#### YOUR TASK:
Which lines run from the line with "Totes Signature Auto-Open" through the line with "Grey Blue Microcheck" in the entries below? Print them exactly, both ends included, and nothing more.

___ ENTRIES PROVIDED ___

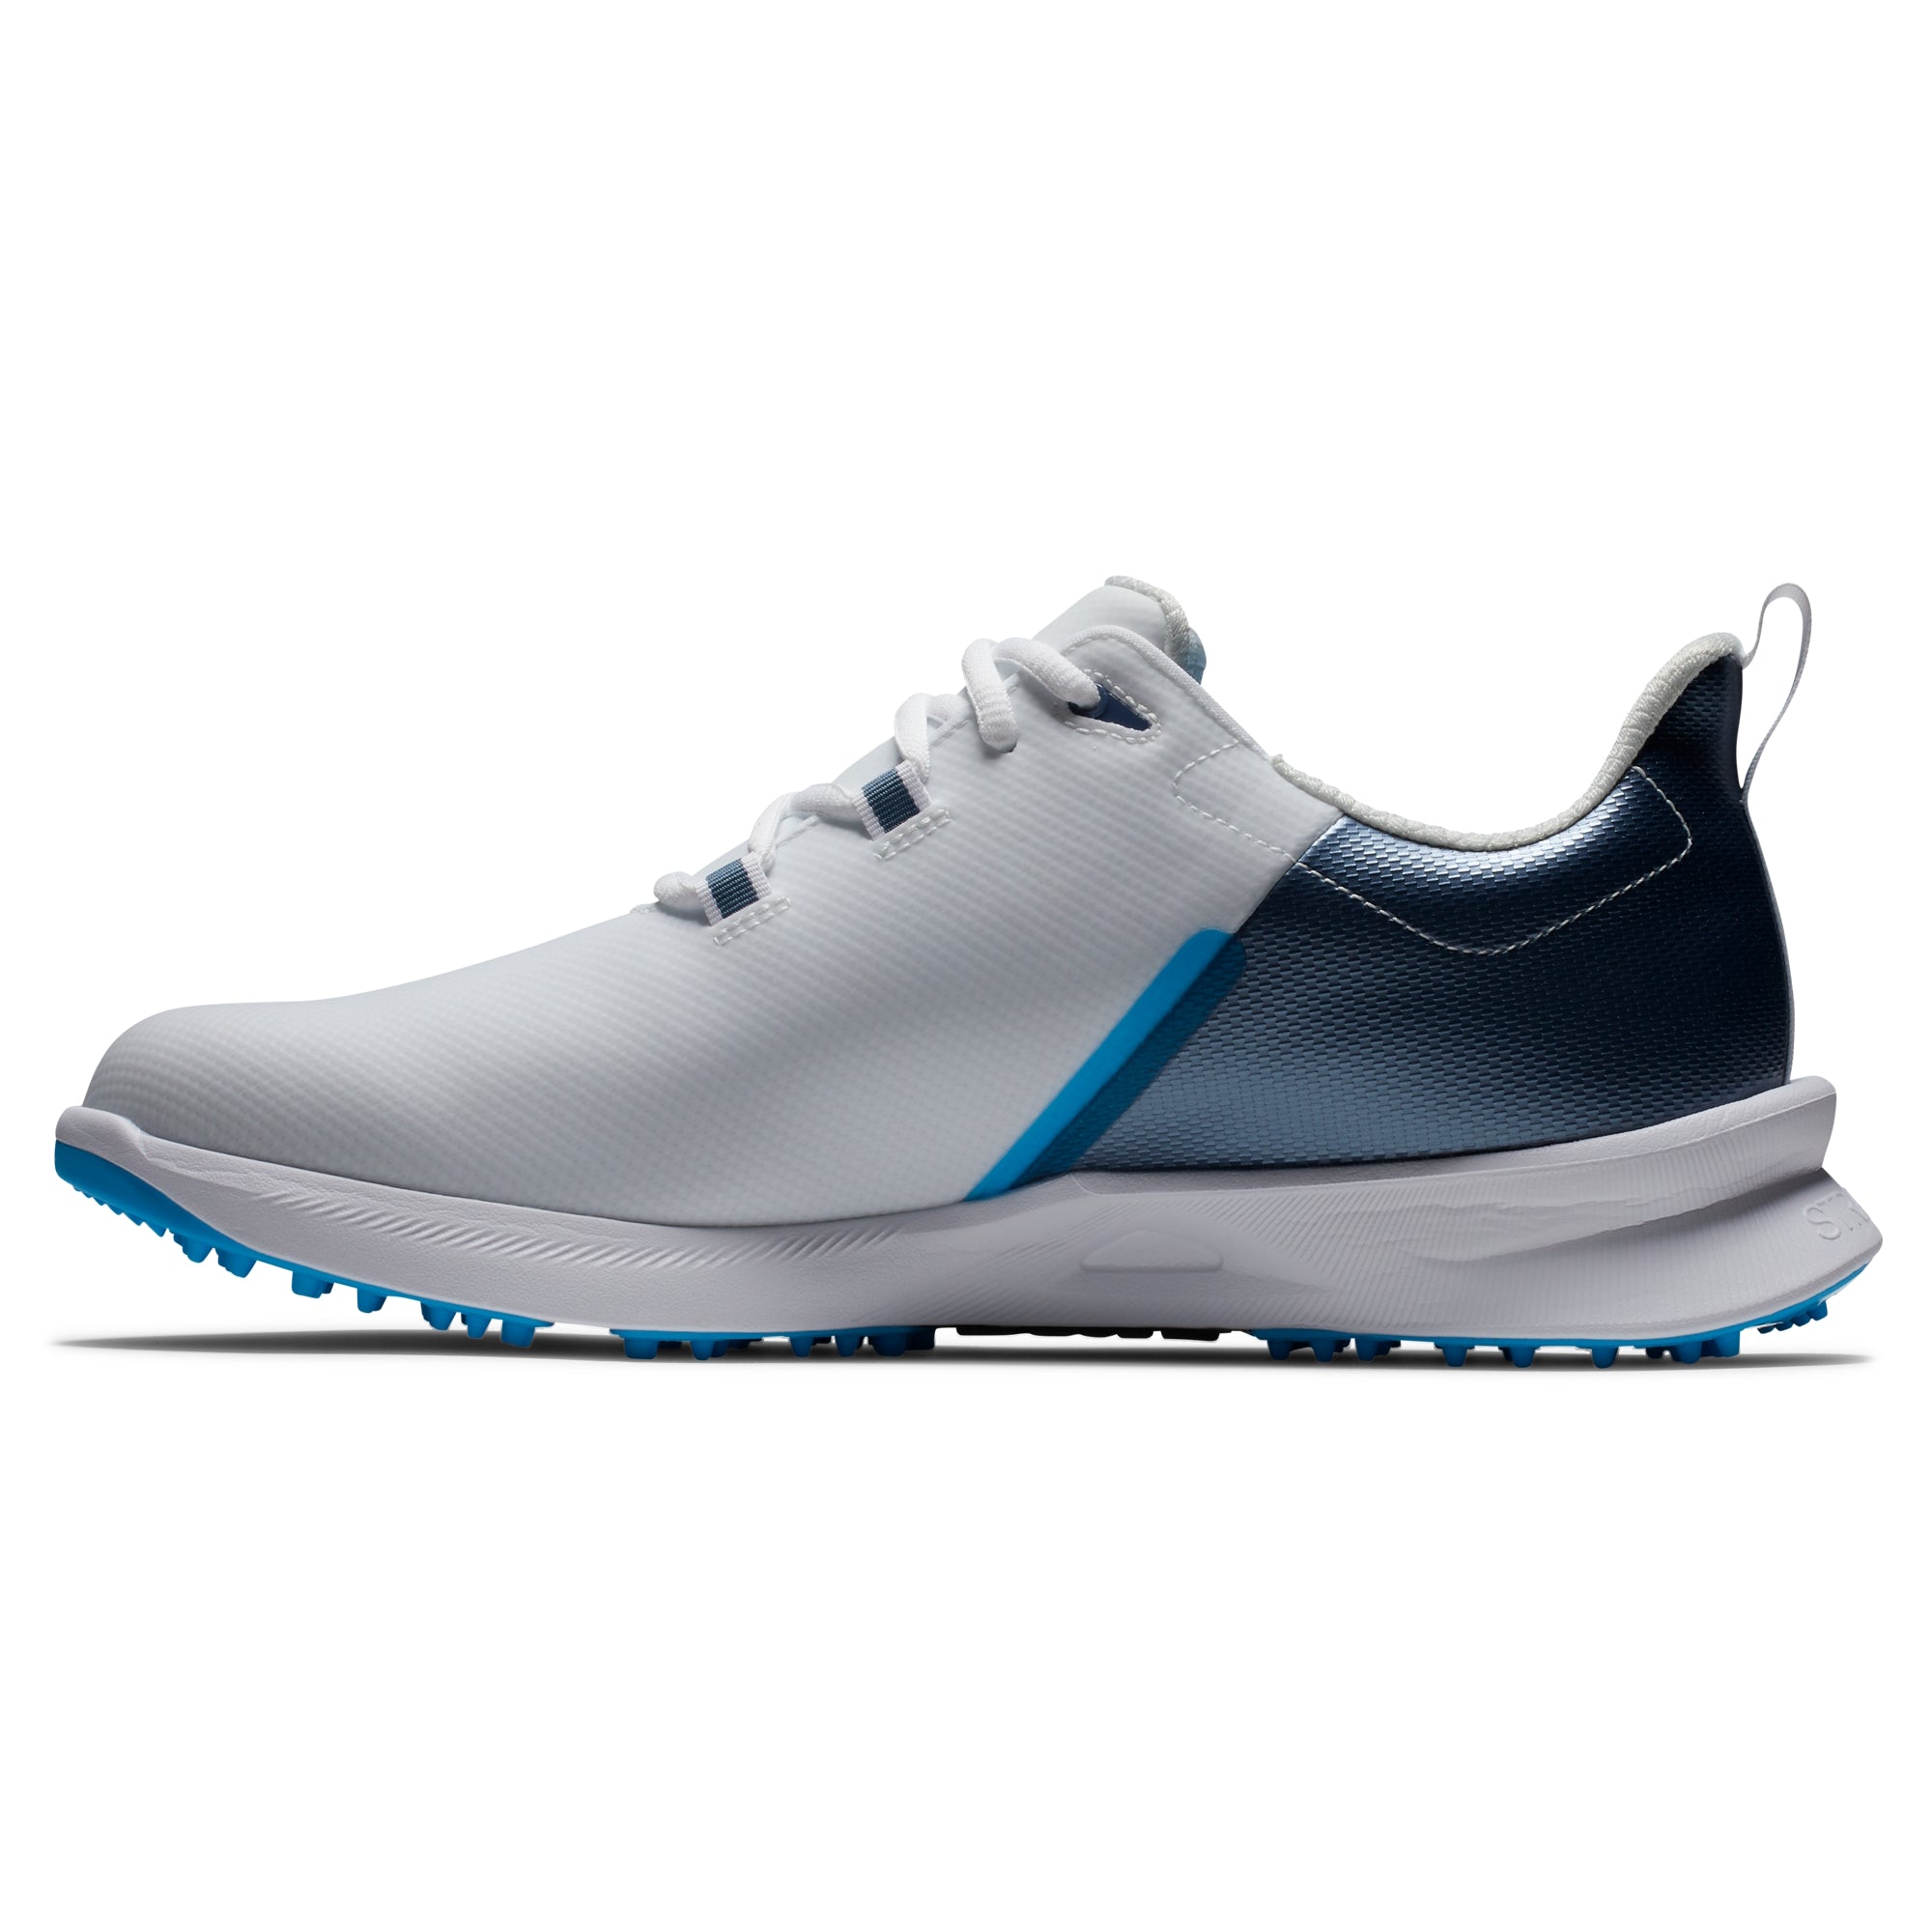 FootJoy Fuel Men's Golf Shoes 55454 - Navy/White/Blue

___
___ ENTRIES PROVIDED ___

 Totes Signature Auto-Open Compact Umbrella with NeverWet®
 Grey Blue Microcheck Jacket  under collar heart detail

___

#### RESULT FOR THIS EXERCISE:
 Totes Signature Auto-Open Compact Umbrella with NeverWet®
 Grey Blue Microcheck Jacket  under collar heart detail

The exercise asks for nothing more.